No, I don't have solutions

Can look into this! For some tasks, this may not be "fixable" in the sense that we don't know exactly what the LLaMA team did to evaluate, but for others like LAMBADA this is very much not expected.

Yes, I agree. We can't expect exactly the same results because LLaMA prompts are not published. However, tasks where the accuracy is 0 indicate that there might be a problem. LAMBADA is a crear example, but there are more such as math tasks and some QA tasks.

One source of inconsistency is from special token handling in the harness. LLaMA models are trained with BOS tokens, so you probably want to encode with it to give it a "fair" shot. See feature todo:

if (
add_special_tokens is not None
and self.AUTO_MODEL_CLASS is transformers.AutoModelForCausalLM
):
# TODO: Support evaluating causal models with special tokens. Currently,
# this is not possible because the `_loglikelihood_tokens()` method for
# causal LMs makes a no-special-tokens assumption given that contexts
# and labels/continuations are tokenized separately without special
# tokens, concatenated, and then processed as inputs.
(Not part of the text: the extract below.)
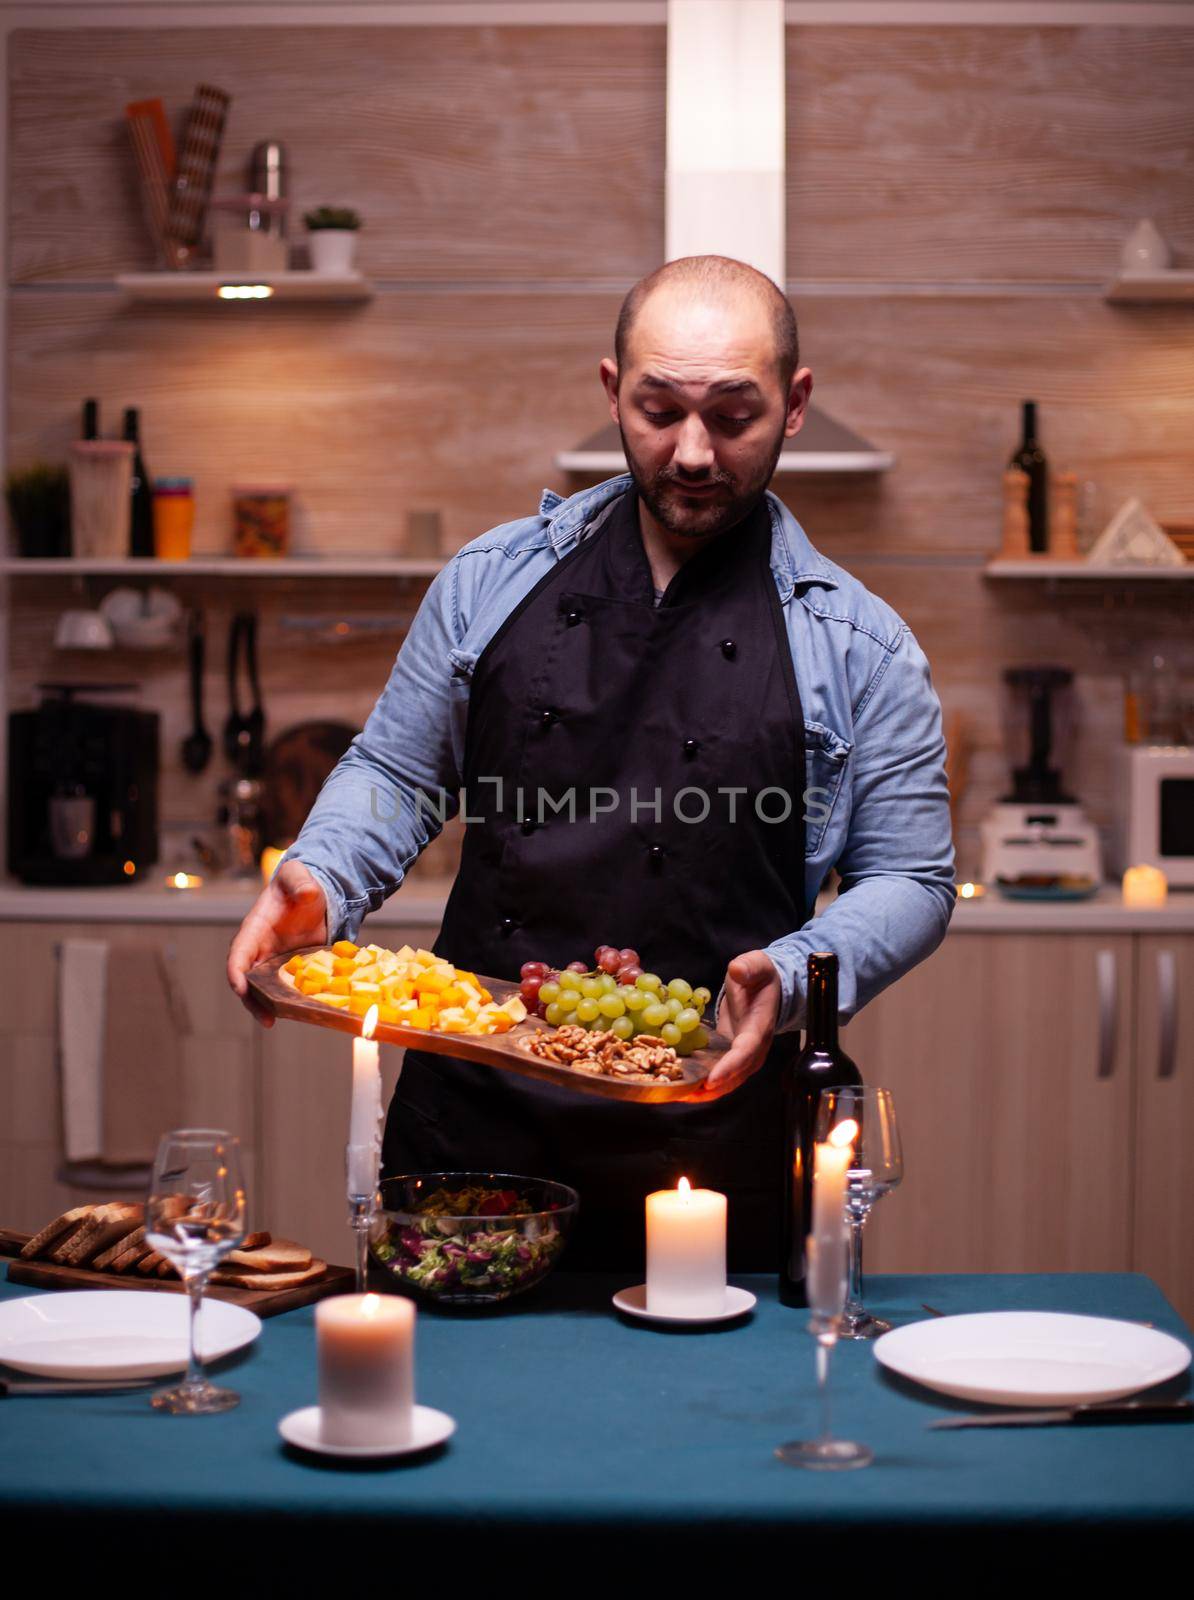 Boyfriend preparing dinner by DCStudio

Another possibility worth keeping in mind is that the LLaMA implementation in HF could be bugged. I’m not sure how well tested it is against the original codebase, but it’s not an official implementation and (for licensing reasons) had to be written without reference to the original implementation.

For reference, I ran Hellaswag and PiQA on lit-llama (https://github.com/Lightning-AI/lit-llama) and got

hellaswag
acc: 0.5644 ± 0.0049
acc_norm: 0.7306 ± 0.0044
piqa
acc: 0.7840 ± 0.0096
acc_norm: 0.7764 ± 0.0097

This is an independent nanoGPT-based reimplementation of LLaMA, so results are confirmed (slightly higher for lit-llama but that's within uncertainty).

Evaluation for lit-llama on this fork https://github.com/Lightning-AI/lm-evaluation-harness.

It was recently pointed out on Twitter that in the allegedly zero-shot examples they "provide a textual description of the task and a test example." I am comfortable assuming that this explains the discrepancy.

Probably related to Tokenizer issues, solved via specifying tokens: #442

@upunaprosk if correcting the tokenizer solves the problem, it seems like this issue should be opened on the HF transformers repo instead of this one. We are loading the model the way we are told to, it’s just that the transformers library doesn’t know how to load the model.

Can you share your evaluation results with this correction?

Closing because the tokenizer fixes seem to fix most wildly off results. The others, like TriviaQA, have also required some minor modifications to tasks.